Noël Dacruz Evora was born to Cape Verdean parents in Dakar, Sénégal. He received the degree in civil engineering from the Ecole Polytechnique de Thiès, Thiès, Sénégal, in 1987, the complementary degree of civil engineer in hydrology and M.Sc. degree from the Faculté Polytechnique de Mons, Mons, Belgium, in 1990, and the Ph.D. degree in civil engineering (stochastic hydrology) from the Ecole Polytechnique de Montréal, Montréal, QC, Canada, in 1997. Since December 2000, he has been with HydroQuébec Research Institute, Varennes, QC, where he is currently a Research Scientist in hydrology and hydrometeorology. His research interests are in surface-water hydrology and primarily cover the methods of improving water resources management and environmental risk assessment (floods and droughts).

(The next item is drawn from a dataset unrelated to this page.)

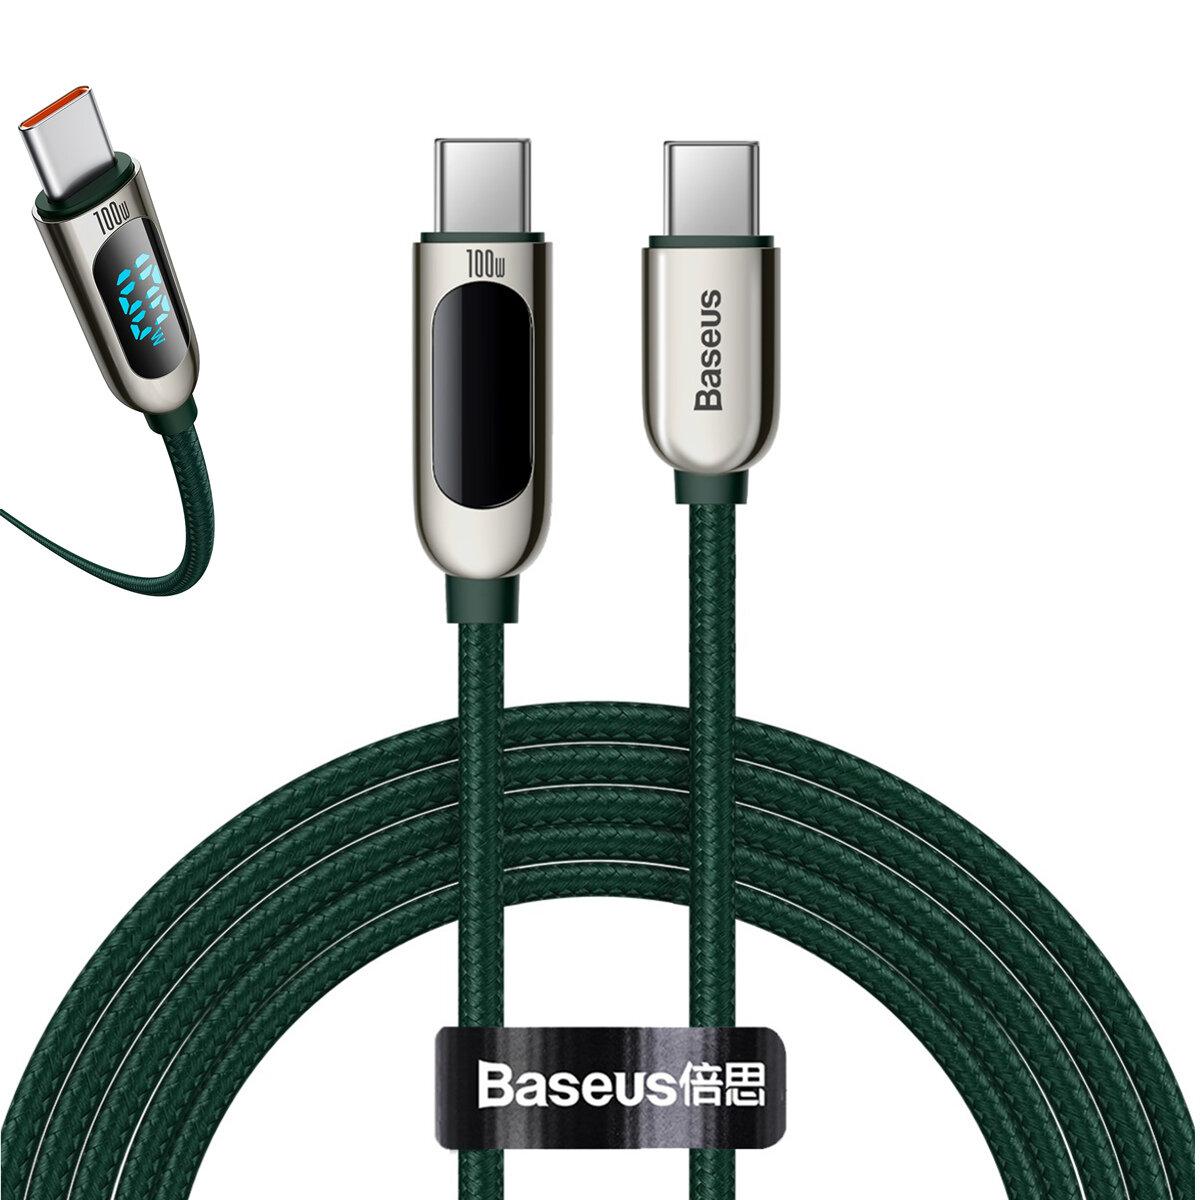 Kabel USB C do USB C Baseus 100W za $11 / ~43zł

His specific research areas include hydrologic modeling, hydrometeorology, neural networks, and genetic programming applications to water resources. Dr. Evora is a member of American Geophysical Union.

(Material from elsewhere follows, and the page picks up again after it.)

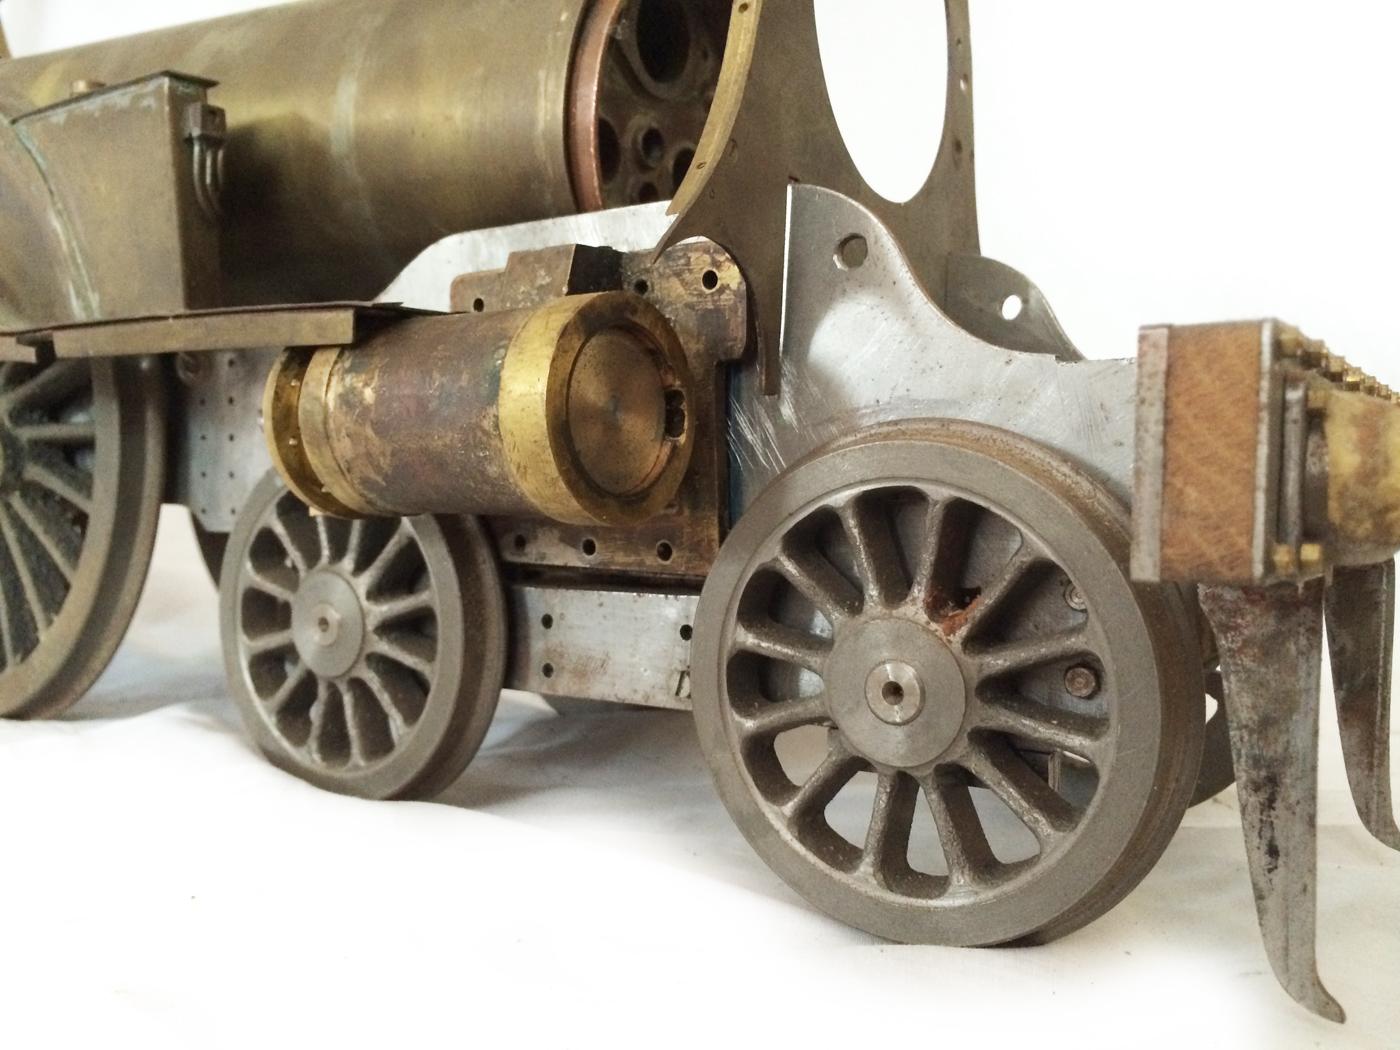 test 3 12 inch gauge stirling single live steam locomotive for sale 15

Dominique Tapsoba was born in Ouagadougou, Dagnoën, Burkina Faso. He received the B.Sc. degree in fundamental and applied geology from the University of Ouagadougou, Ouagadougou, and the M.Sc. degree in hydrology and water resources management and the Ph.D. degree in hydrology from the University of Paris XI, Paris, France. He was with the Industrial Chair in Statistical Hydrology (INRS–ETE, Université du Québec à Québec, QC, Canada) as a Postdoctoral Fellow in 1997. From 1999 to 2001, he was a Visiting Expert with the Food and Agriculture Organization of the United Nations, Rome, Italy. He is currently a Research Scientist in statistical hydrology with the Hydro-Québec Research Institute, Varennes, QC, Canada. Hydro-Québec is a world hydropower in North America. He is also currently a Lecturer with the Université du Québec à Montréal, Montréal, and he is involved as a Research Scientist in the consortium on regional climatology and adaptation to climate change (Ouranos). His research activity concerns geostatistical characterization mainly of climatic variables and hydrologic analysis and design in the climate change context.

Danielle De Sève, photograph and biography not available at the time of publication.